- Input material -
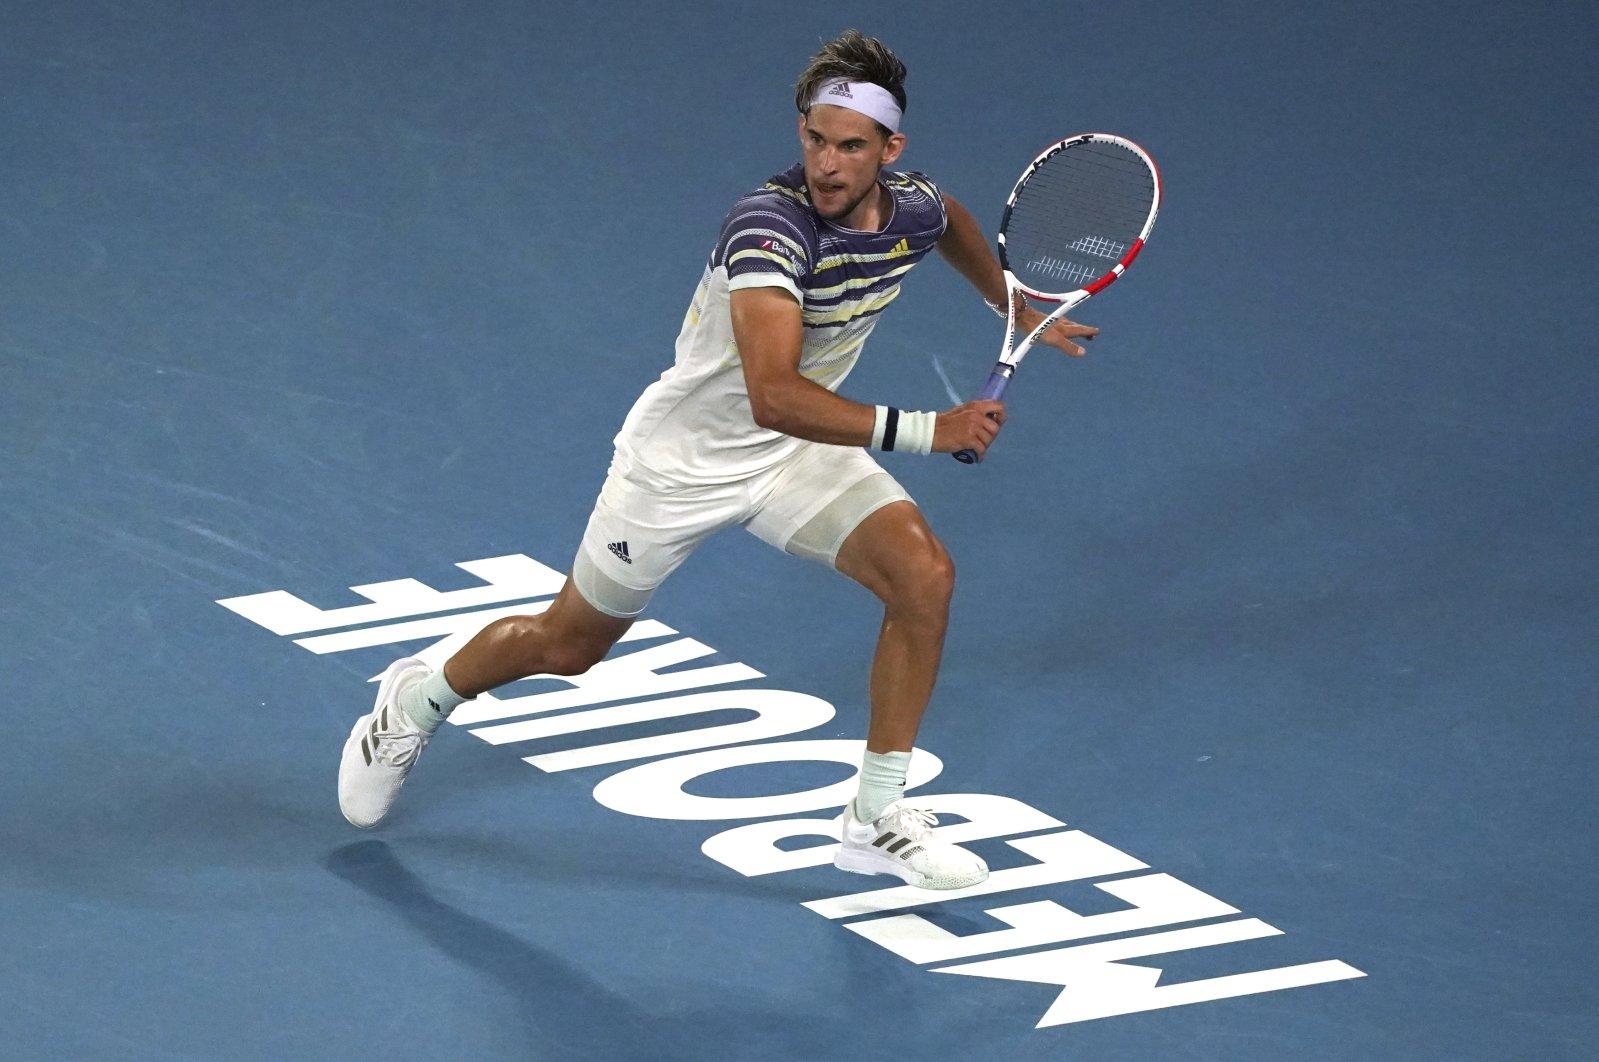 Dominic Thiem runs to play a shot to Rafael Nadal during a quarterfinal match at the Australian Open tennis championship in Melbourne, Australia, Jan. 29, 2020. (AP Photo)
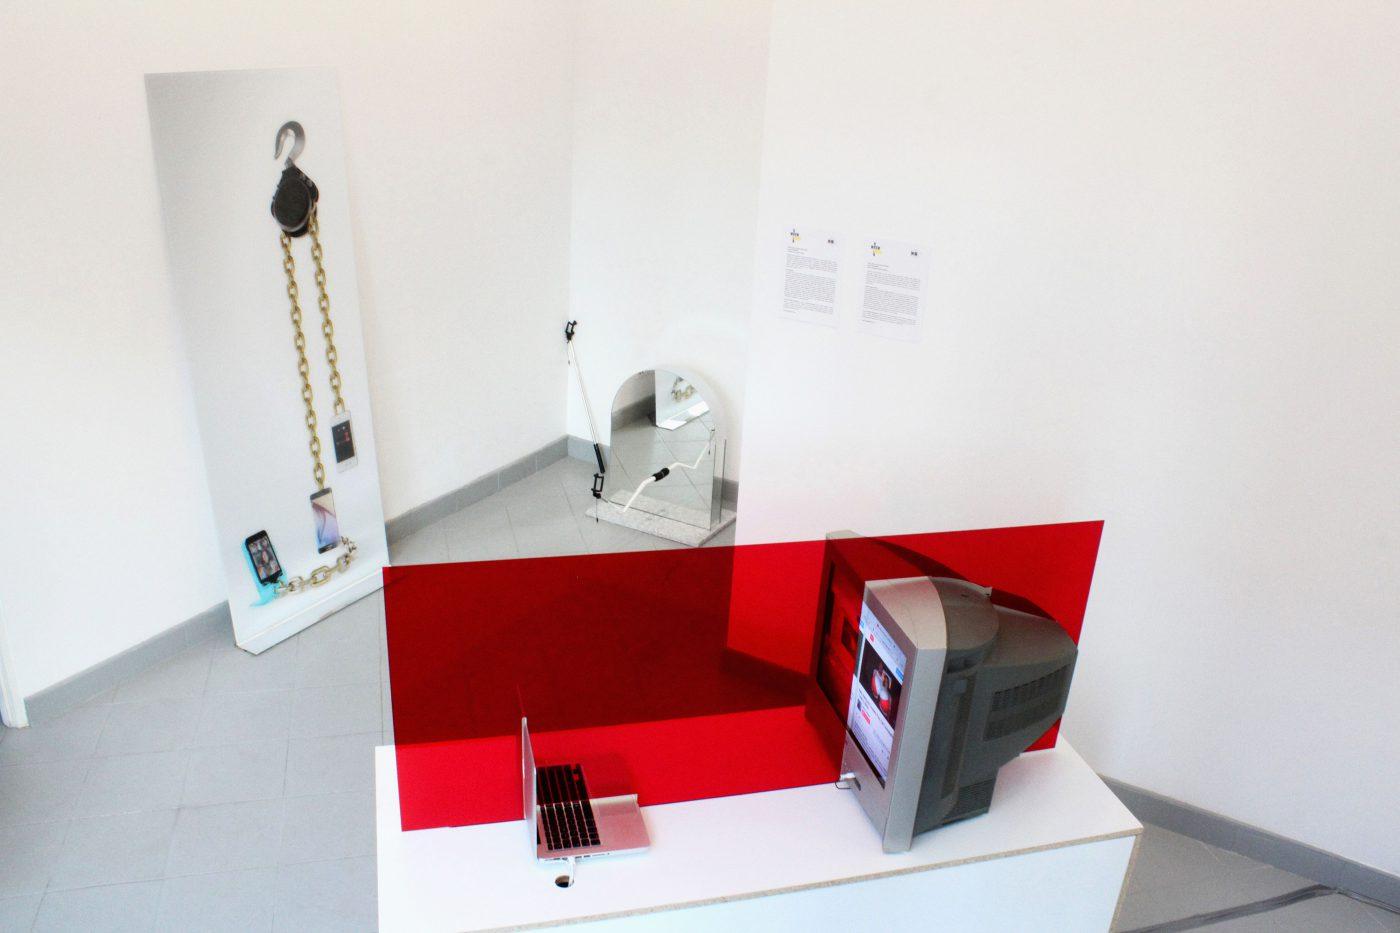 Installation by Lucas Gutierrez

--

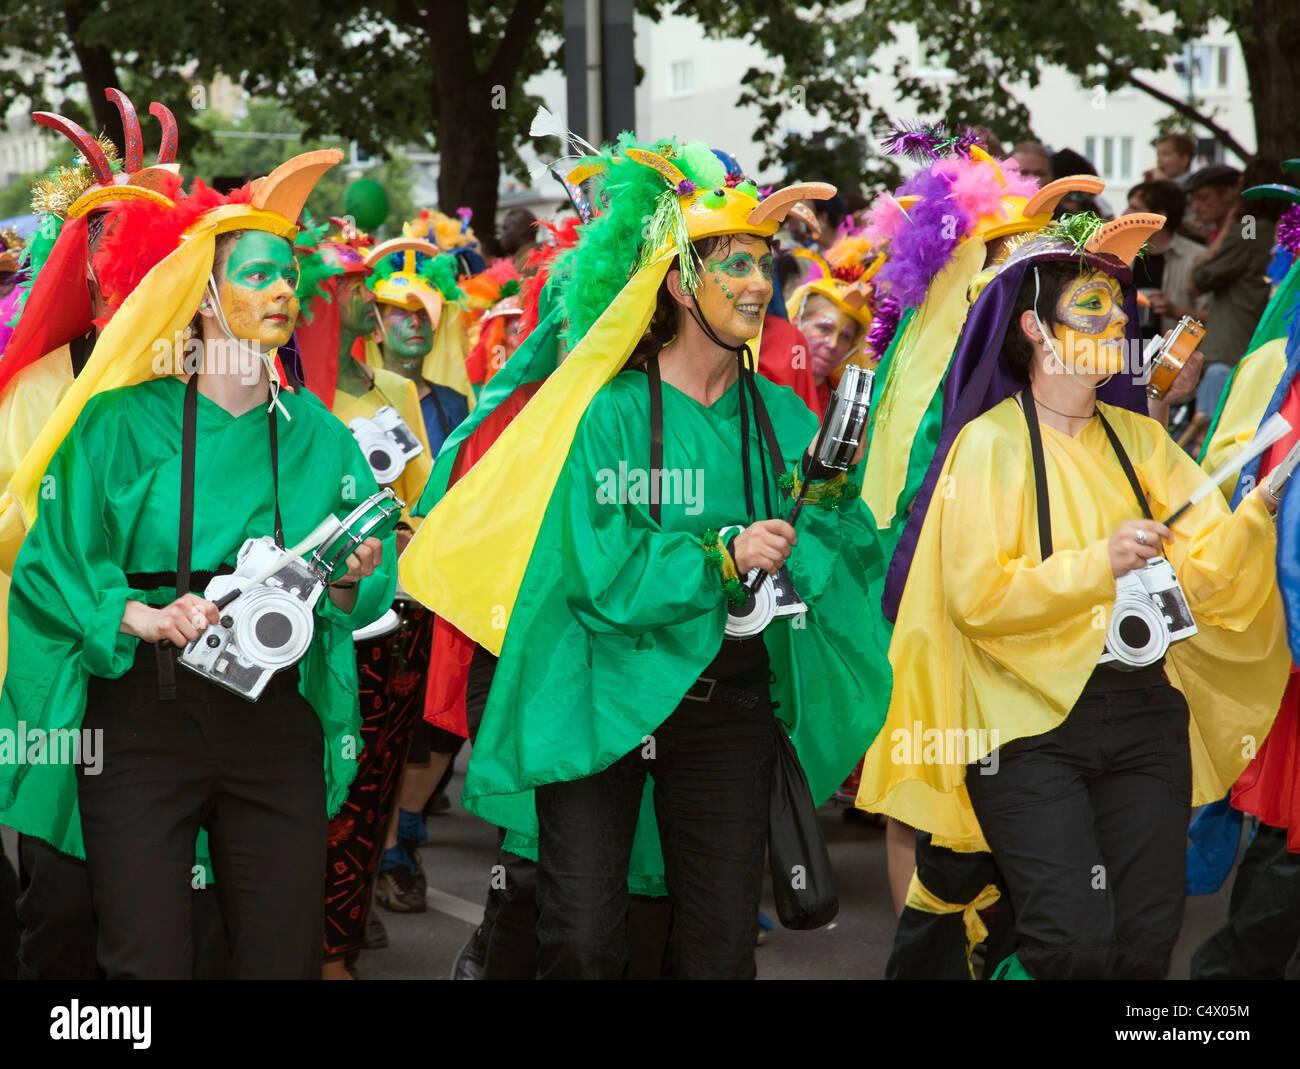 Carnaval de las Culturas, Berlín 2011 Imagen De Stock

--

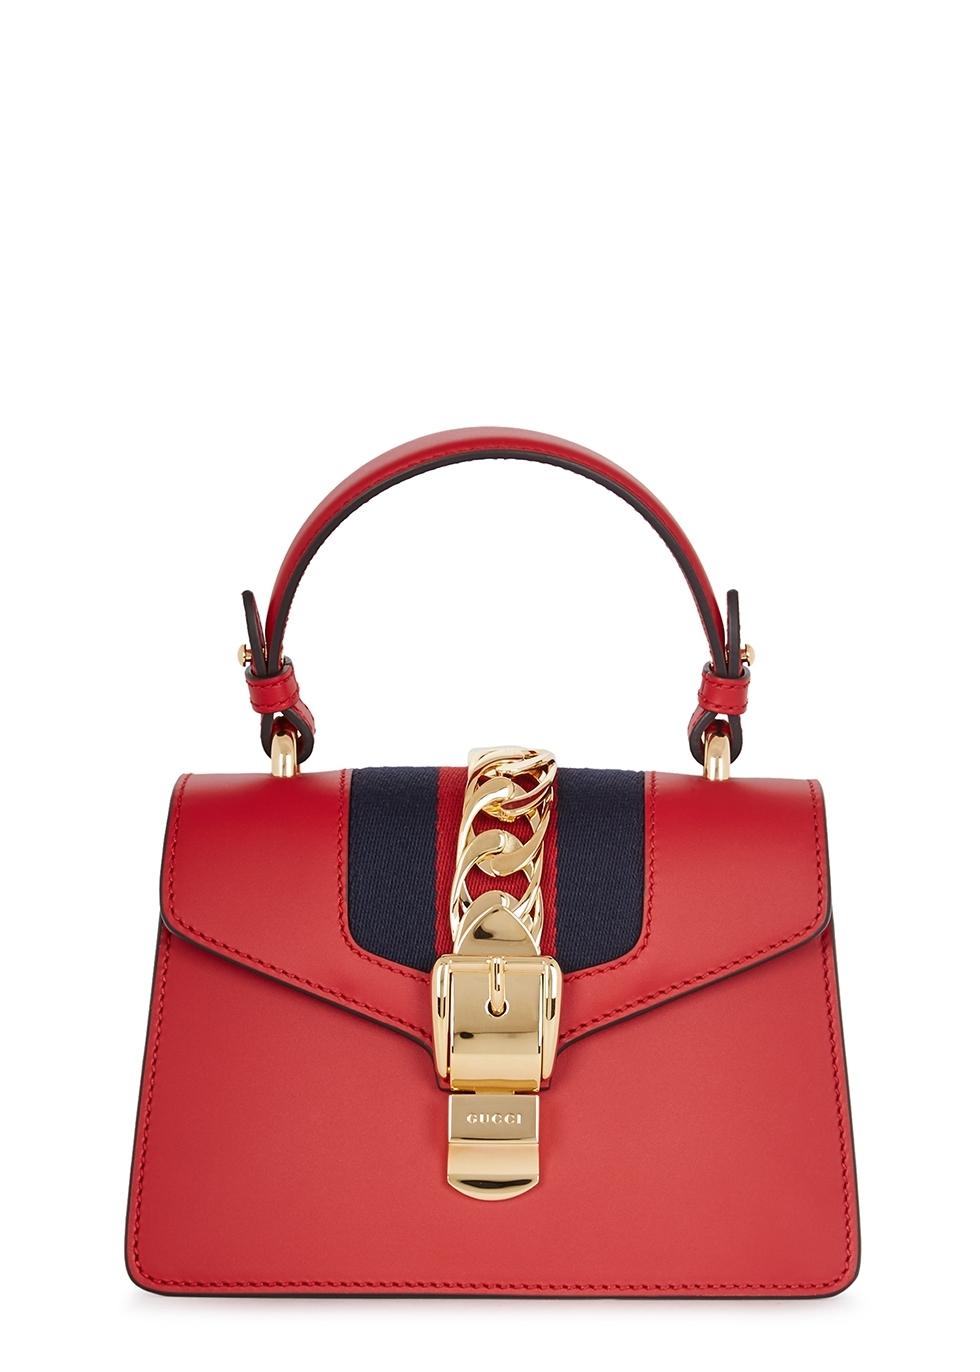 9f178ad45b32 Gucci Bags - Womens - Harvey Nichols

- Work request -
Reproduce, exactly and only, the lines of the records above starting at the line with "Dominic Thiem runs" and ending at the line with "Installation by Lucas Gutierrez", both included. Leave every picture out.

- Completed exercise -
 Dominic Thiem runs to play a shot to Rafael Nadal during a quarterfinal match at the Australian Open tennis championship in Melbourne, Australia, Jan. 29, 2020. (AP Photo)
 Installation by Lucas Gutierrez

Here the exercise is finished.